* [Exercise]:
Any pictures in the records below must be left out when you repeat the lines from the line containing "Tommy Hilfiger - BABY" through the line containing "World War 2" exactly.

* [Records supplied]:
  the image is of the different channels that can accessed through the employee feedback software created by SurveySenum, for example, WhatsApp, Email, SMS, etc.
==
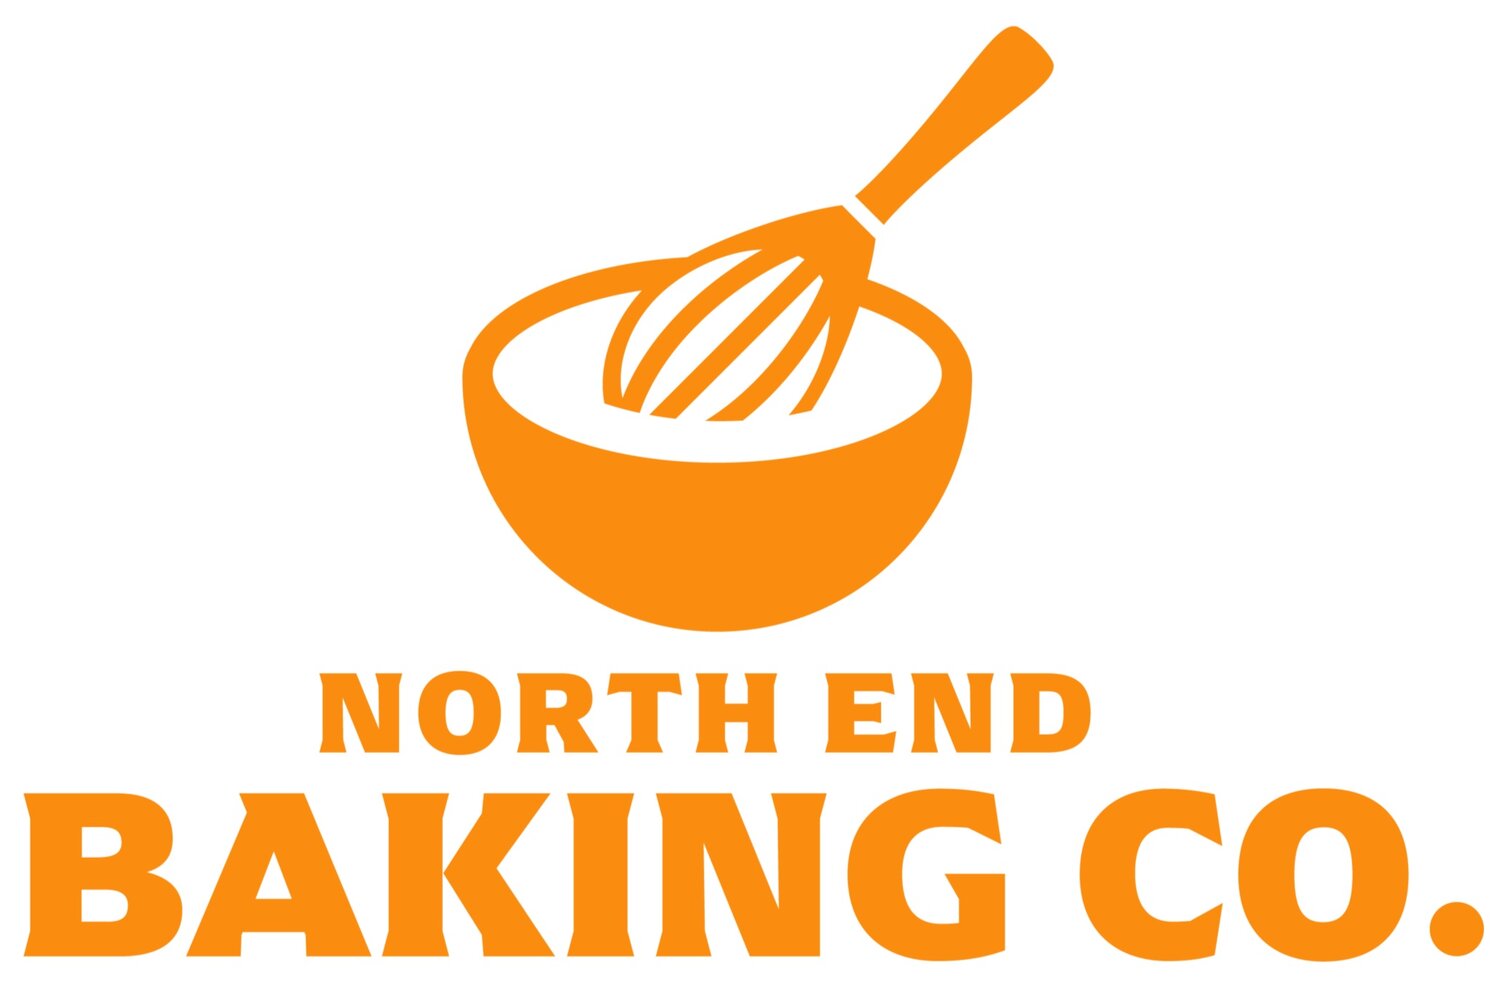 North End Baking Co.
==
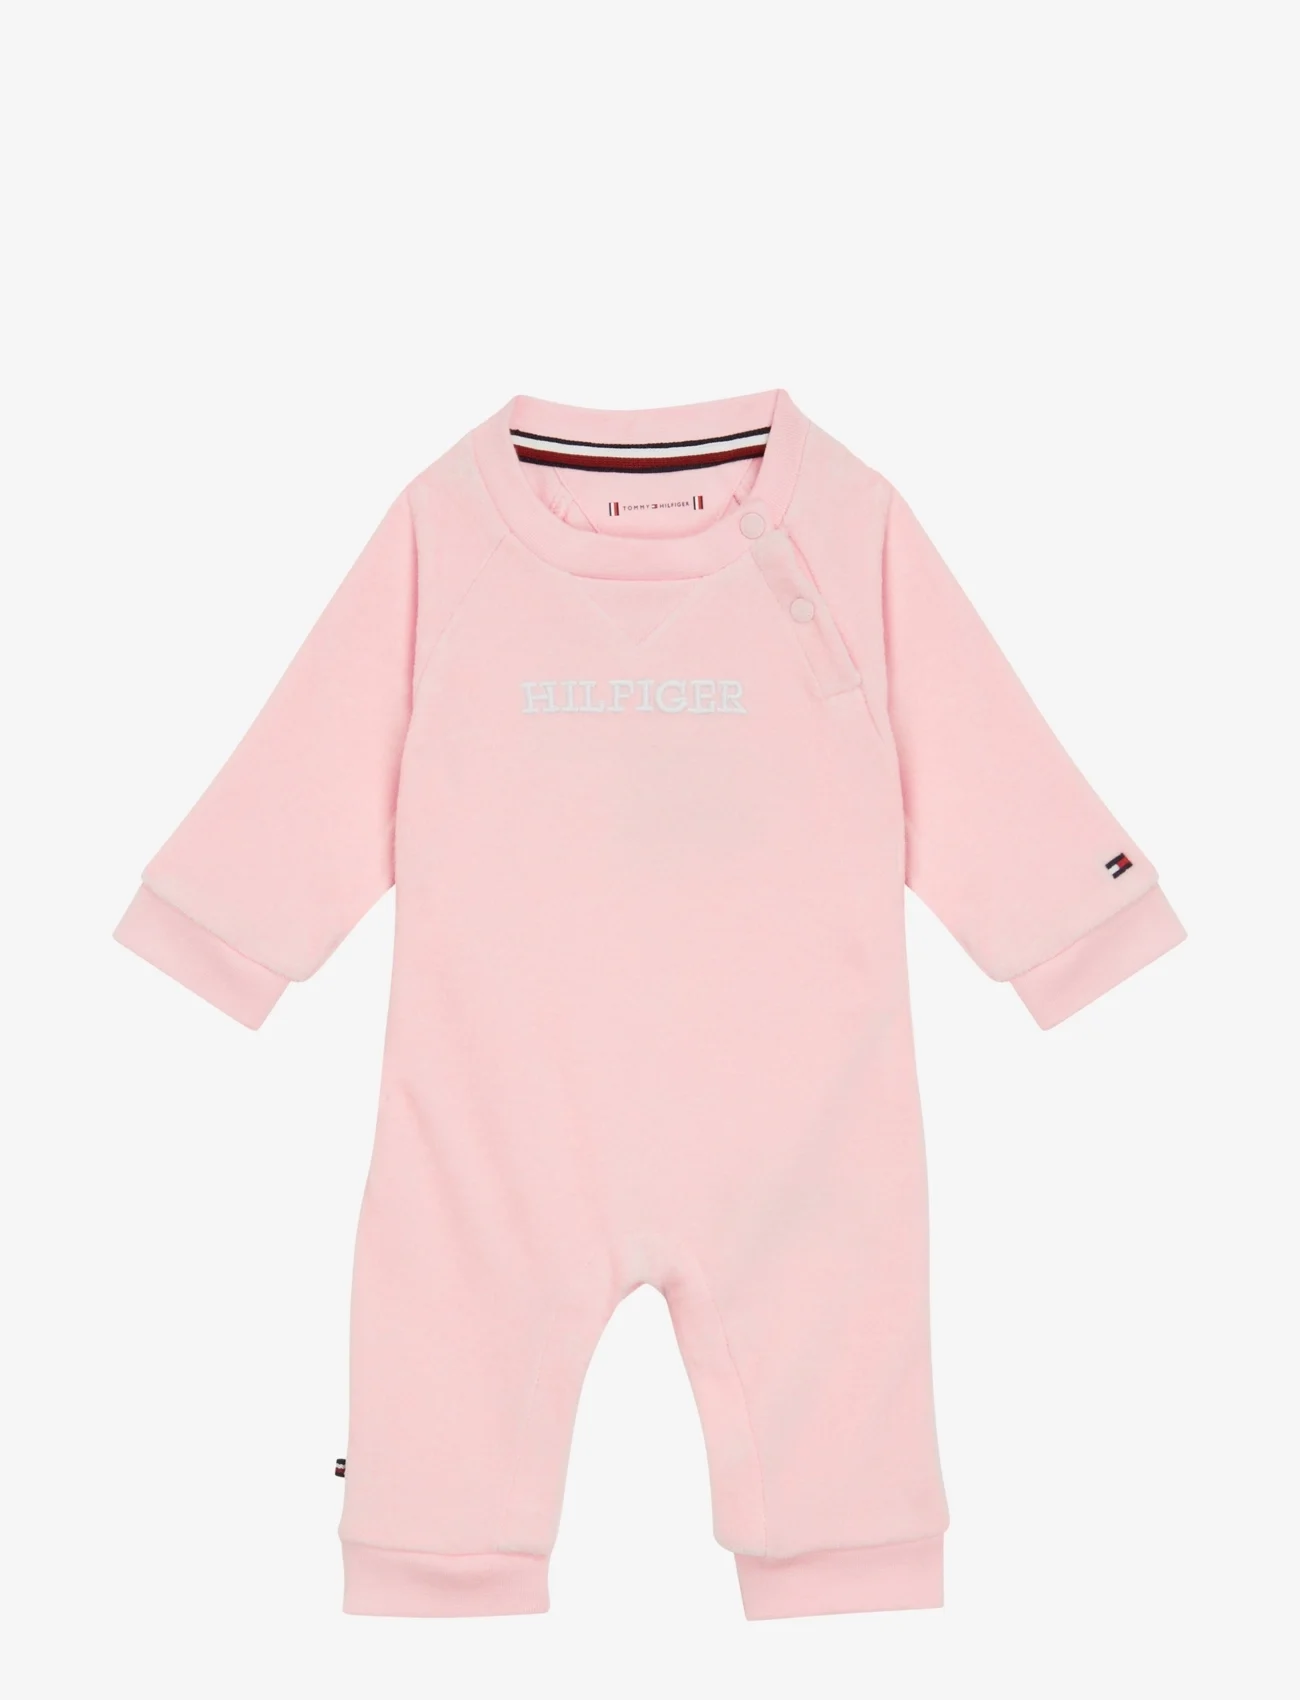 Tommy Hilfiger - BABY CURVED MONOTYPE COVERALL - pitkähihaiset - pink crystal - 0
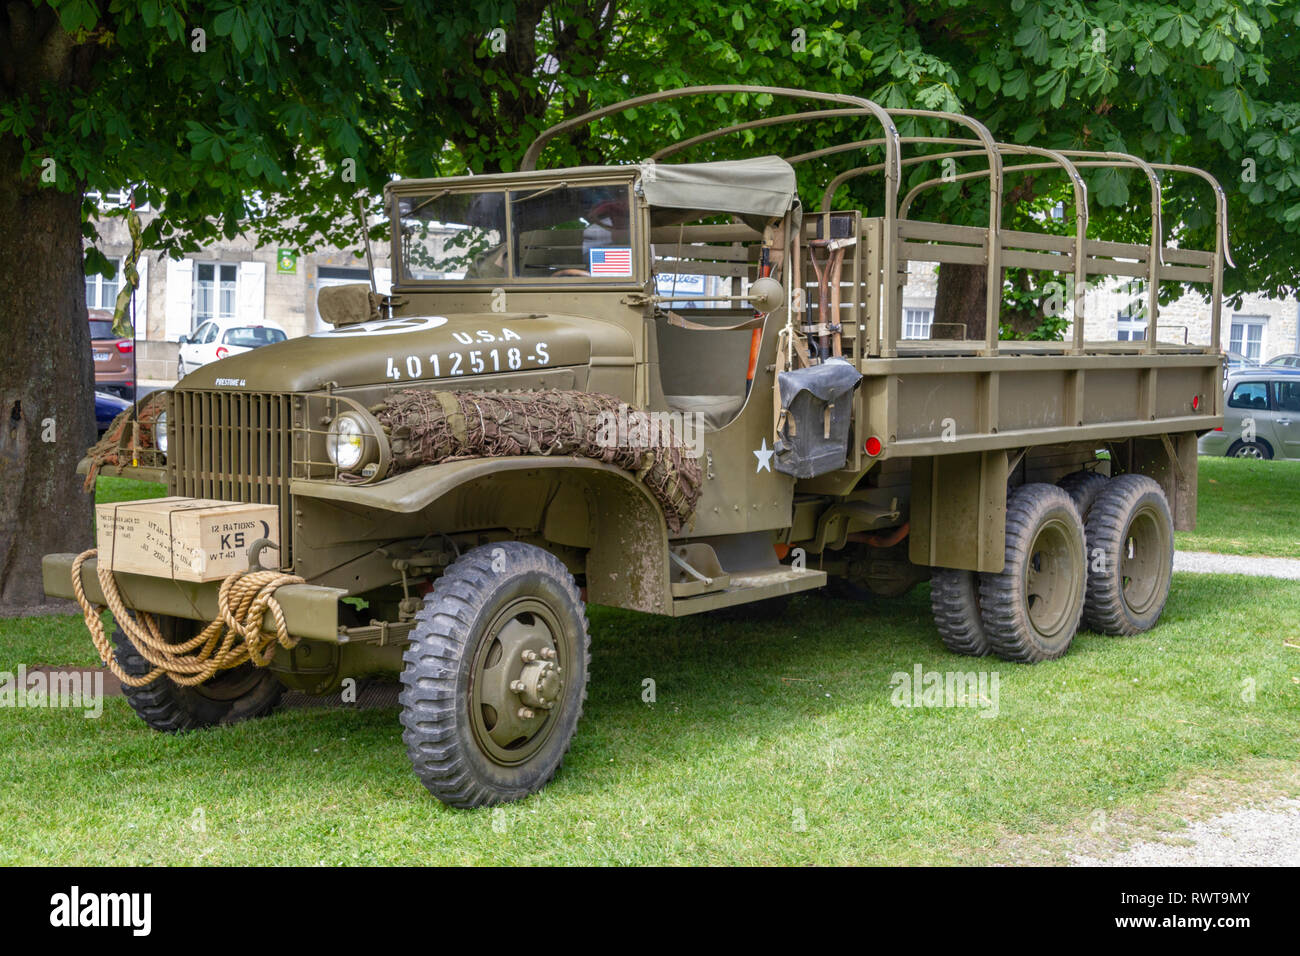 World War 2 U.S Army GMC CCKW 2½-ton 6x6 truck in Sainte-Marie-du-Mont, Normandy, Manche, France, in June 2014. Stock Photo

* [Output of the task]:
 Tommy Hilfiger - BABY CURVED MONOTYPE COVERALL - pitkähihaiset - pink crystal - 0
 World War 2 U.S Army GMC CCKW 2½-ton 6x6 truck in Sainte-Marie-du-Mont, Normandy, Manche, France, in June 2014. Stock Photo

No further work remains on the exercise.